The final piece of the jigsaw is in averaging the values correctly when
the climate station changes and there are gaps for both stations in
succession, as demonstrated in the simplified example below:
Station 1: A = 10
Station 1: B = 15
Station 1: C = 20
Station 1: D = GAP (=25)
Station 1: E = 30
Station 1: F = GAP (=35)
Station 1: G = GAP (=40)
Station 2: A = GAP (=4)
Station 2: B = GAP (=5)
Station 2: C = 6
Station 2: D = 7
Station 2: E = GAP (=8)
Station 2: F = 9
Station 2: G = 10
In the case of Station 1: F-G and Station 2: A-B, an average is not
required of the values above and below the gap present (ie. not taking
the average of 30 and 6 and filling each of the gaps with 13), but is
required only for the data in that particular station. So would there
be a way of informing the to be wary of such changes in station
reference? (Station reference number is in column A in my dataset)

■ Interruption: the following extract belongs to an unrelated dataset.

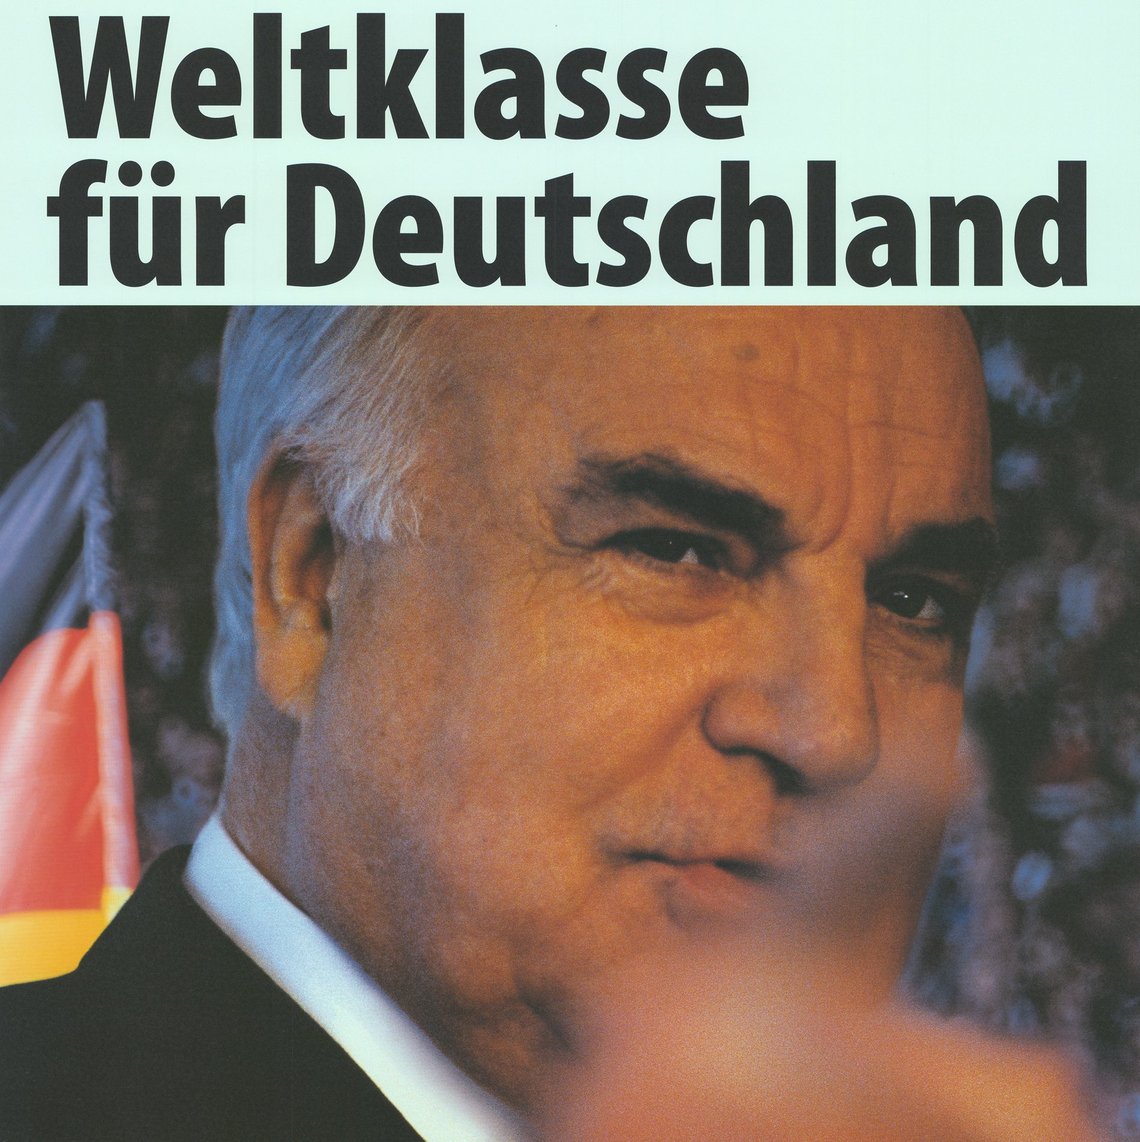 Plakat zur Bundestagswahl 1998 mit Helmut Kohl und Aufschrift "Weltklasse für Deutschland"

Is there a way of designing (a macro in Visual Basic?) to automate
these procedures in Excel 2002? - as doing it manually would be
unfeasible due to the nature of the dataset size. Incidently, data
which requires interpolation is in columns F to M (inclusive), and is
represented as a blank cell. Interpolation is required vertically down
the columns, and not between rows.
Thanks very much for looking at this - I would be very grateful if
someone manages to manufacture a solution.
Thanks once more,
Steve Murray